Matthew 2:13-22

What a horrifying story!  Killing all the baby boys under two?  What a staggering image!  The word, Gospel, literally means Good News.  Reports of good news are not typically supposed to include such language, such painful images, such harsh realities.  They interfere with our holiday season, with our Christmas celebrations, and with our good cheer and happiness.  If Gospel is good news, there is a part of us that wants to say to Matthew, “Just stick to the good news.”

As a reader of Gospel, we may prefer a different topic today… a different text on the first Sunday after Christmas.   But as a preacher, I think I can understand Matthew: the Good News is not good news if the human reality is not reflected.

I enjoy watching interviews on TV.  I enjoyed watching Charlie Rose until it was cancelled abruptly in a de facto manner… and you know why.  Anyway, I recall someone on the show saying that “Love songs are pain songs.”  I don’t remember his name, but I remember what he said.  He said something like this: “Those songs that speak of love without having (within their lines) an ache or a pain are not love songs at all.  The song writer who refuses to explore the darker regions of the heart will never be able to write convincingly about the wonder, the magic, and the joy of love….  So within the fabric of the love song, within its melody, its lyric, one must sense an acknowledgment of its capacity for suffering.”

Today, Matthew reminds us that his Gospel is the greatest love song.  From its very beginning, Matthew embraced pain and suffering.  It sighed and it ached.  It co-mingled with the darker regions of this world and because it did, we are convinced of the love which it reveals. 

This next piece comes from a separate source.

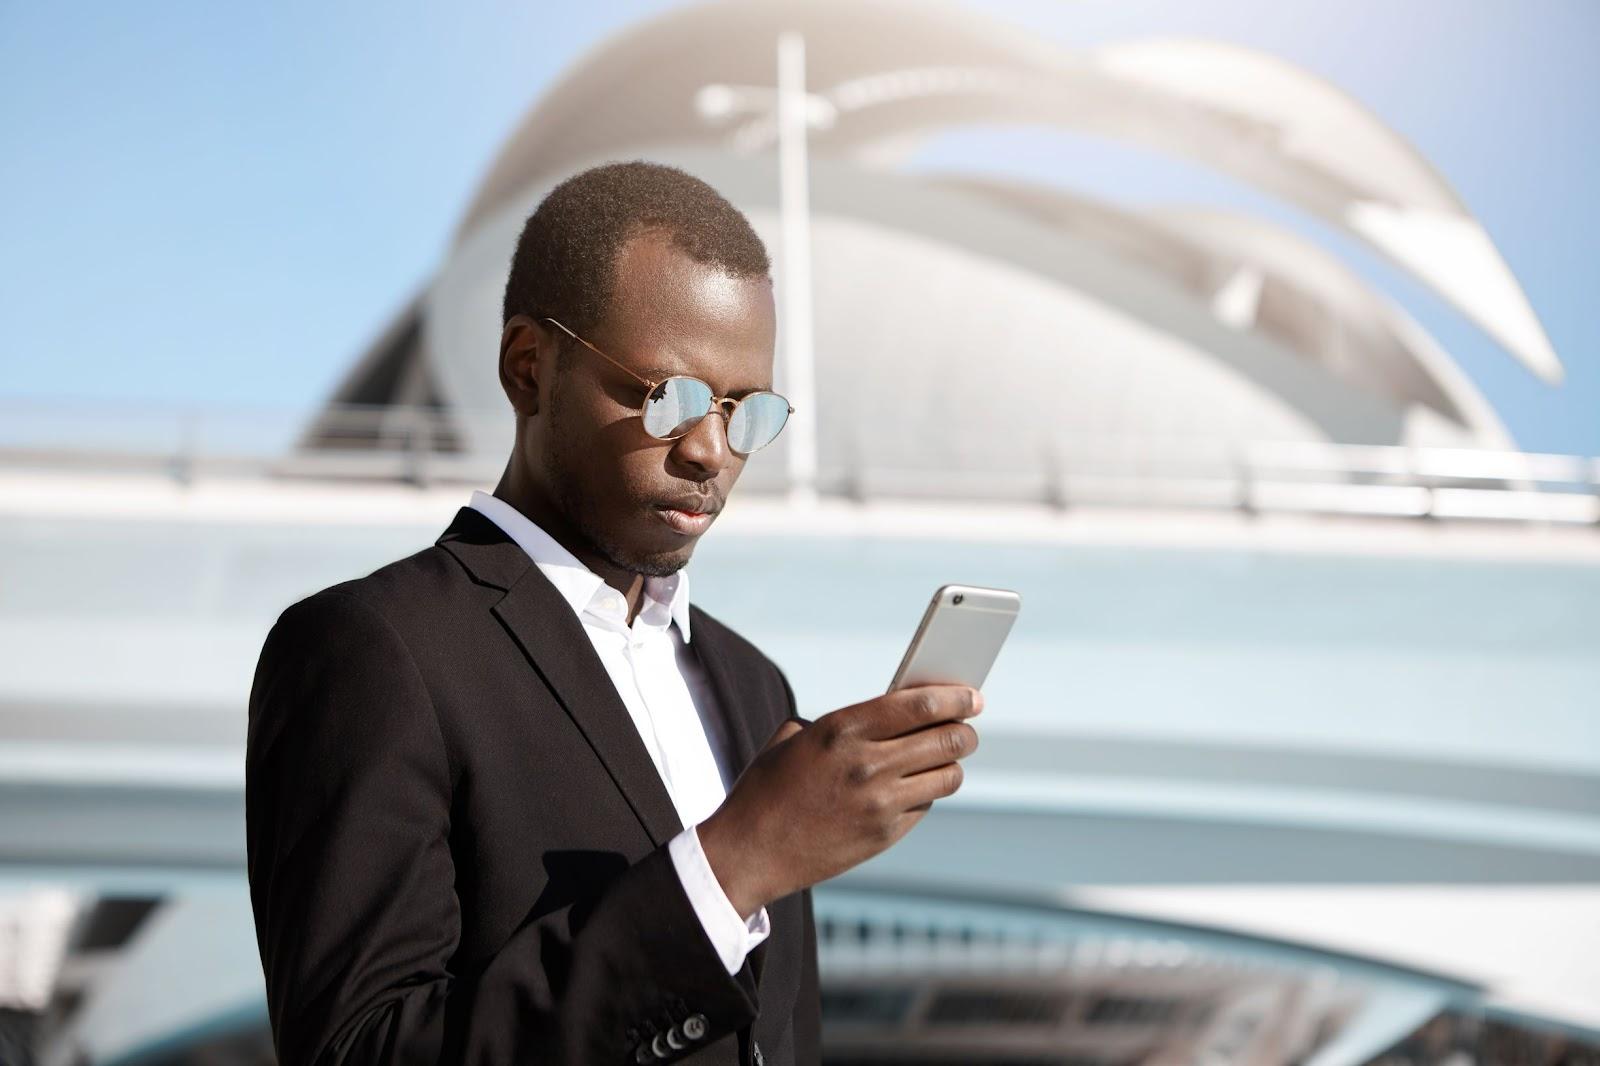 foto de um homem com roupas sociais e óculos escuros, mexendo em seu smartphone para realizar atividades de teletrabalho na modalidade remote everything

It also reminds us that we live in a sinful world.  And even at Christmas, with the promise of peace and hope in our hearts, that sinfulness is still present.  That sinfulness was personified in the first Christmas story by Herod.  There are still so many Herods in our world: Bashar Al-Assad,
Kim Jong-un, Nicolás Maduro and many more.

So even today, as we continue singing “Joy to the World” we read about children dying senselessly, and mothers weeping uncontrollably.  And there are so many tragic stories, along with the verses in the Bible that are too painful to read.  These verses have come to be known as “texts of terror.”  Ironically, this text reminds us why Jesus came. 

The story of the birth of this baby who Herod tried to kill reminds us that we need Jesus.  We cannot save ourselves.  We cannot save our world.  We need a savior.  Only God can save us.  We need Jesus because in Jesus, God was giving Himself or Herself to us. 

The Point of Christmas is that God understands us.  Christmas story tells us that God identifies with our problems, sorrows, hopes, frustrations and joys.  God knows us not because God made us, not because God is all-knowing, but because God became one of us.  God became a human being.  Incarnation.  Immanuel.  God with us.  Jesus.  And this is the Good News!

We need the Hope only He can bring.  We need the Forgiveness that only He can offer.  We need the Unconditional Love that only He can share.  We need the Eternal Life that only He can give.  We need the Redemption that only He can promise.  We need Jesus.  Immanuel.

And that was the greatest act of love ever shown.  No one, not even Herod (they called) the Great, could stop. 

Make sure you look up and see the star as you continue your journey.  Make sure you make that trip to Bethlehem and peer into that stable.  Don’t be like Herod and miss the greatest gift ever given. 

Once we have found the Messiah, we cannot remain the same.  Every one who encountered the Christ child was changed by the meeting and dreamed new dreams.  You cannot continue on the same journey once you have found Jesus.  You must take a different road.  You cannot dream the same dream once you have found the baby in the barn.  You must dream a different dream.

For the Magi, “they returned home another way.”  For the shepherds, they were fearful but when they returned, they were “glorifying and praising God.”  For Mary and Joseph, they had to leave Bethlehem.

What will it be for you?

Let us pray…

Blessed Lord, into our darkness you have brought the Light of your love. You have given to us a reminder of the many ways in which you care for us and guide us. 
Lord, help us to see that the power of Christmas is not exhausted with the music and the lights and the gifts and the food, but grows as slowly as a baby, to become a living treasure, a reservoir of peace and love, to sustain us, not only through December and into the holidays, but each and every day of the days you grant to us.  Indeed, O Lord, bless us that we may see your presence with ever greater brightness and that we may ourselves become more and more like unto him whose birth we celebrate this season.  

We pray in the name of our Lord and Savior, Jesus Christ.  Amen.